### Task objective
Print out the data below in full and exactly, skipping the pictures.

### Data section
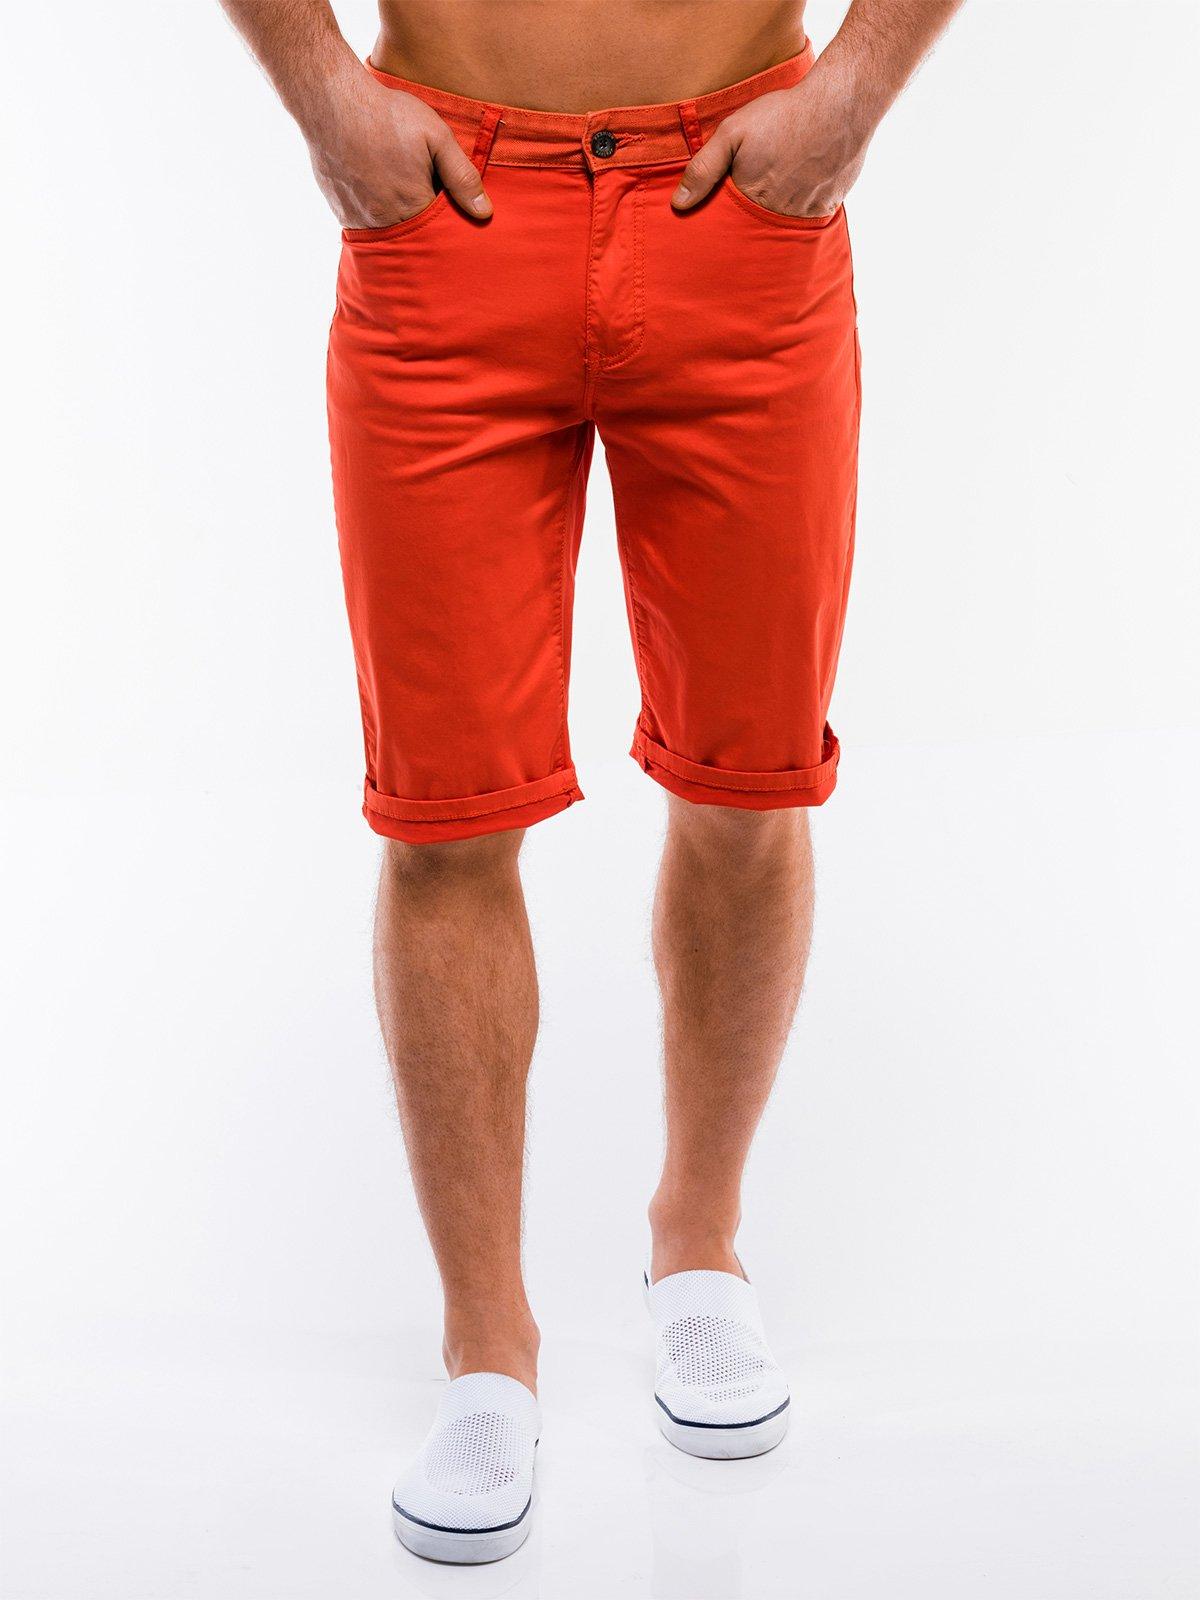 Шорти чоловічі chino W214 - помаранчеві, Ombre Clothing  - купить со скидкой
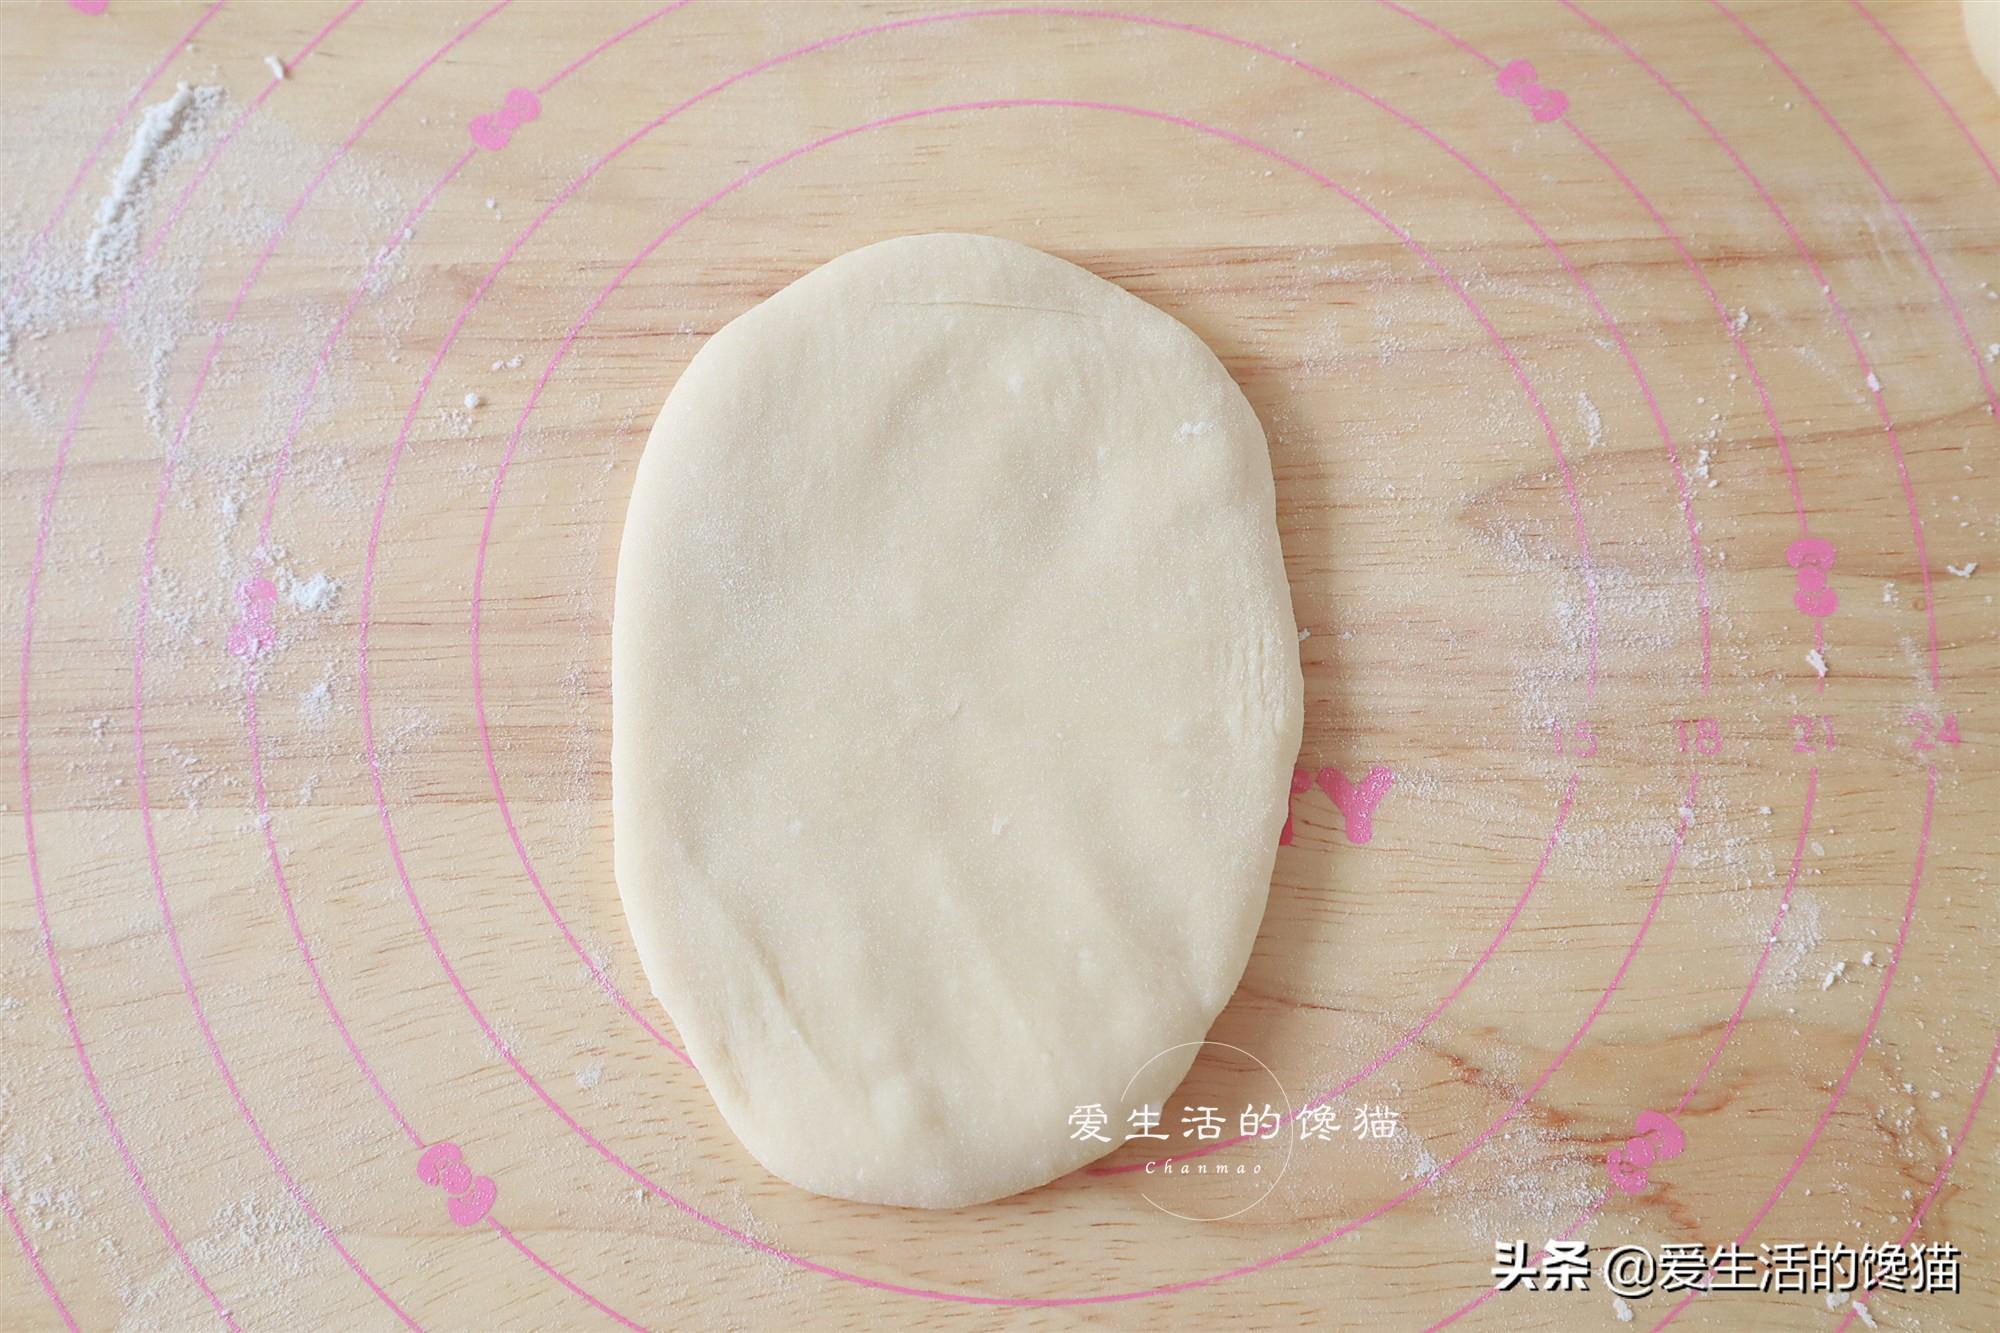 熱狗麵包的懶人做法,用料足,省時省力,香甜柔軟,小白也零失敗
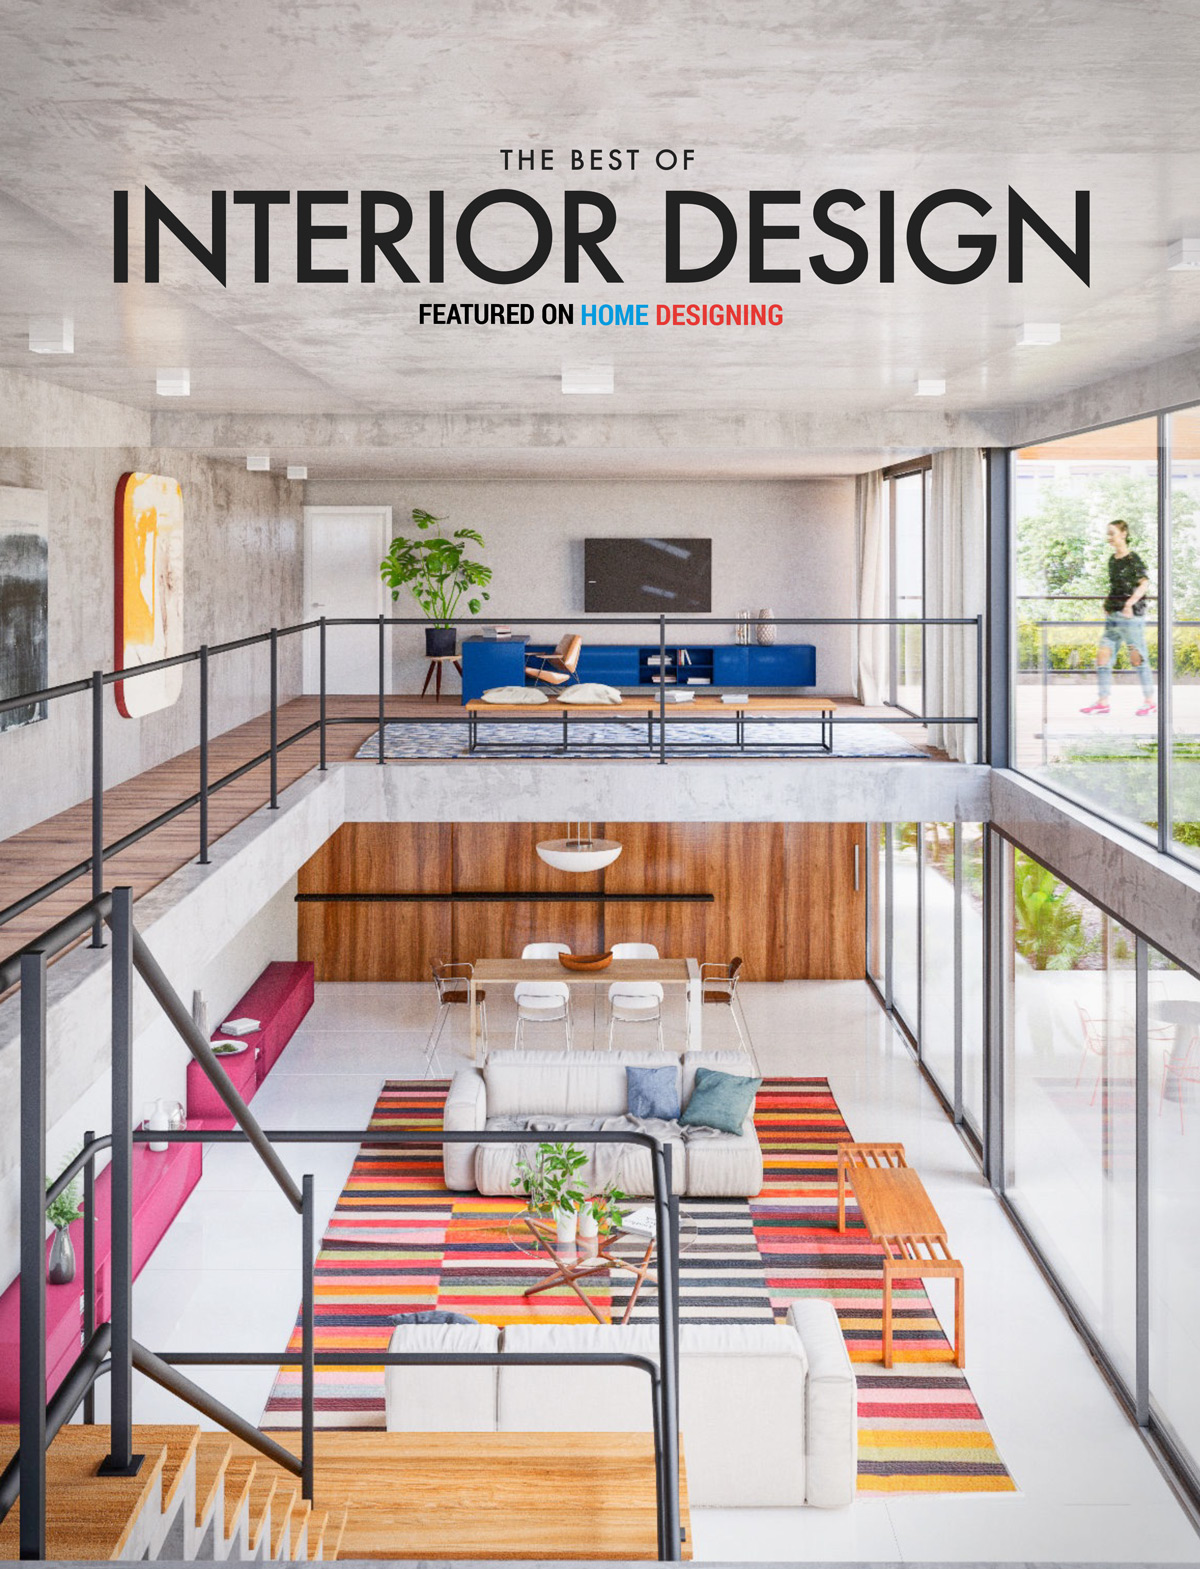 Best Kitchen Gallery: Free Interior Design Ebook The Best Of Interior Design  Interior Of Home

### Solution to the exercise
 Шорти чоловічі chino W214 - помаранчеві, Ombre Clothing  - купить со скидкой
 熱狗麵包的懶人做法,用料足,省時省力,香甜柔軟,小白也零失敗
 Best Kitchen Gallery: Free Interior Design Ebook The Best Of Interior Design  Interior Of Home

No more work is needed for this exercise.